Over the two days, academics and donors, non-government actors and county government representatives from Kisumu and Nairobi, as well as residents of Viwandani and Korogocho settlements in Nairobi, challenged themselves and each other to untangle the connections between poverty and slum living, housing and health in order to develop a systems thinking approach to the challenge of indoor air quality.

In his opening remarks, APHRC Executive Director Alex Ezeh highlighted just how timely, and critical it is to address the challenges confronting urban informal settlements. “Increasingly, what happens in urban informal settlements will determine our national indicators,” he said, noting that the complexity of these challenges require a coordinated, collaborative approach as they are too big for any single entity or government agency to effectively address them.
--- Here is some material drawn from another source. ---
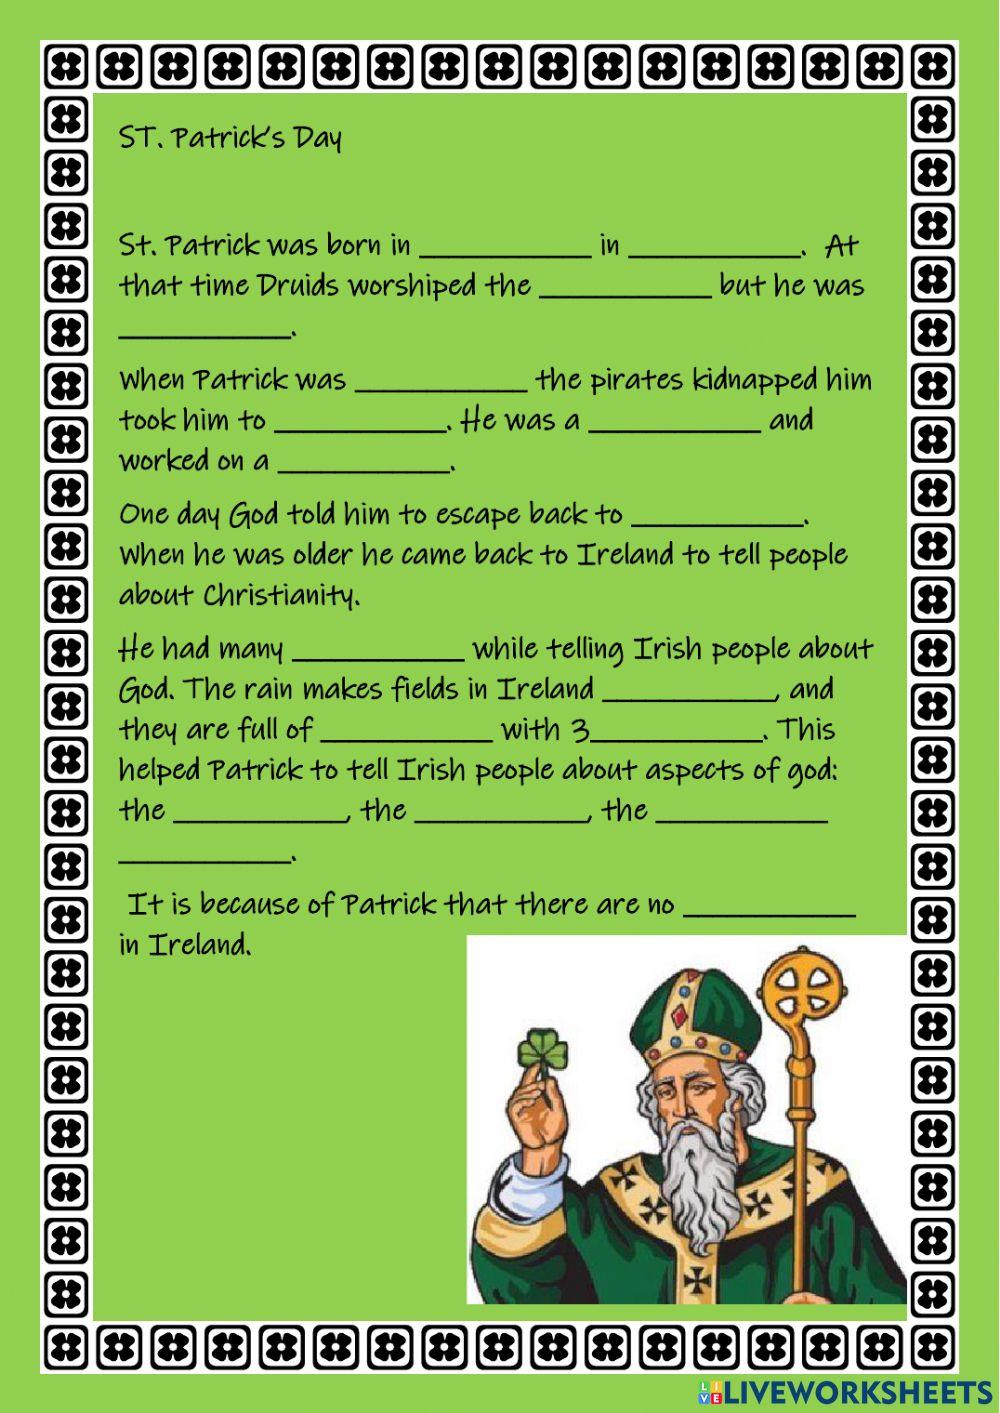 Saint Patrick's Day Animated History  Fiveminded youtube
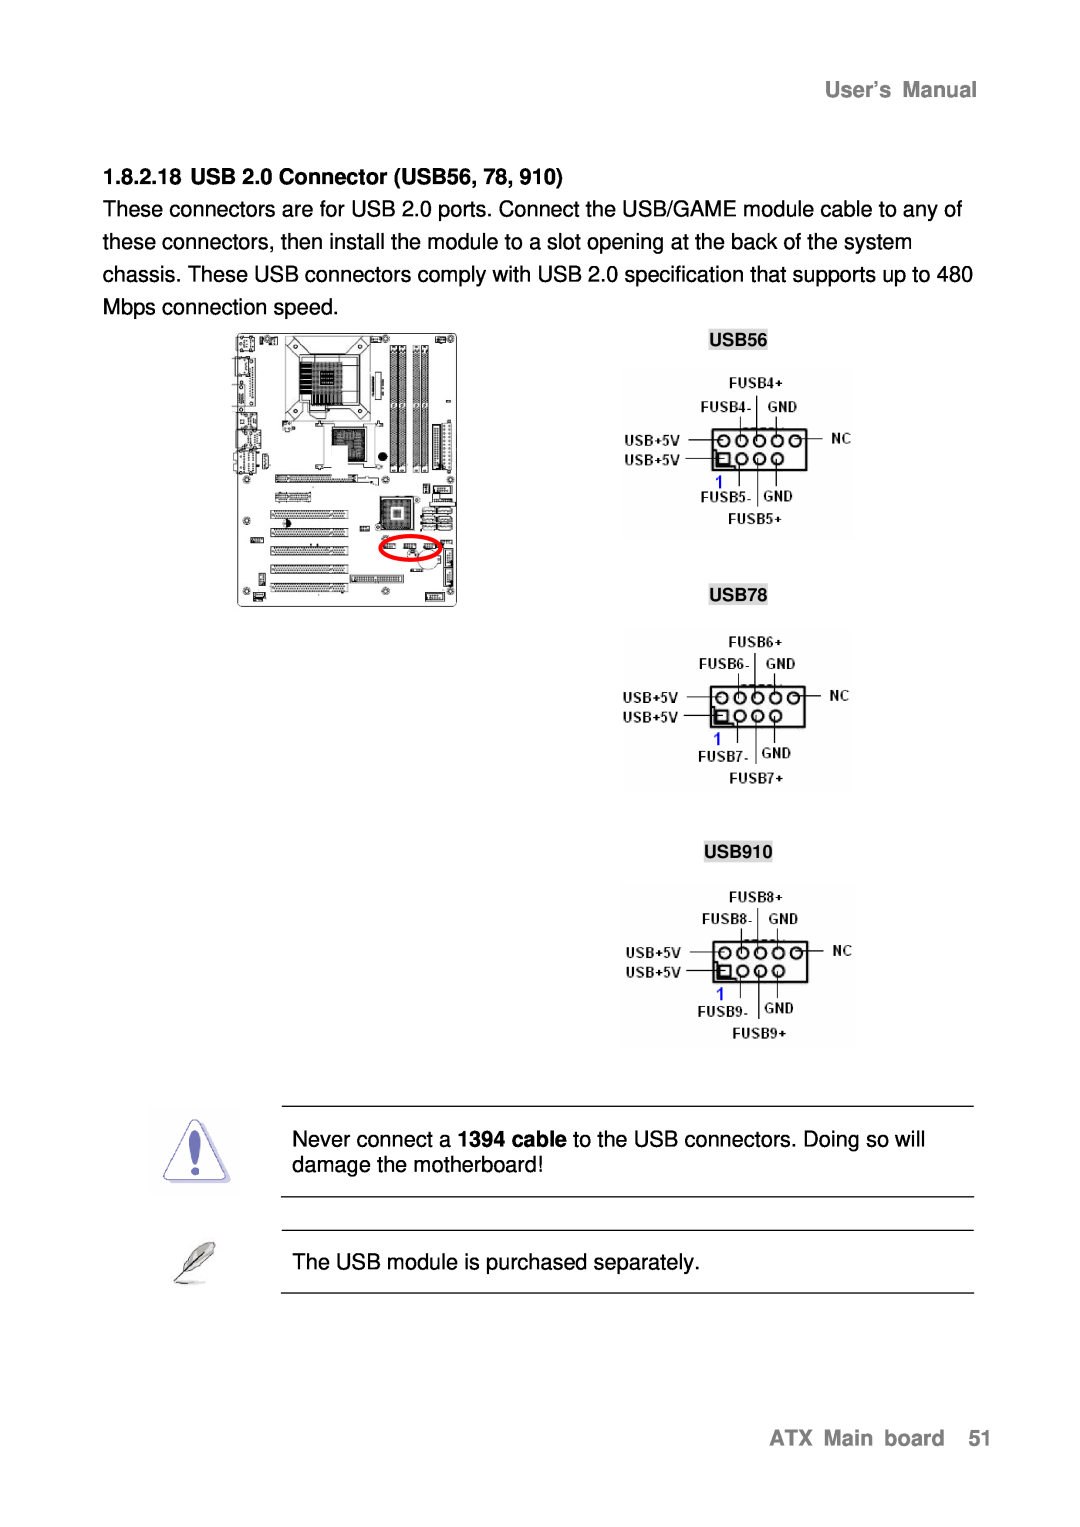 Intel AX965Q user manual USB 2.0 Connector USB56, 78, User’s Manual, ATX Main board

Mike Davies of UCL’s Institute of Environmental Design and Engineering further emphasized the need for cross-sectoral collaboration. “We hope that with the body of academics that we have assembled, we can bring cutting-edge scientific evidence to bear on these issues,” he told the assembled audience. “But we can only really do that and communicate well with the decision-makers and people in the cities by using a participatory framework.”

Workshop participants then moved to the specific task at hand: how to apply this collaborative, participatory approach to the particular challenge of indoor air quality. APHRC’s Kanyiva Muindi, who is completing her PhD in air pollution and health, has done extensive research on the poor air quality in Nairobi’s slums: a function both of outdoor pollutants as well as particulates from burning of bad fuels such as kerosene, charcoal and firewood for cooking and lighting.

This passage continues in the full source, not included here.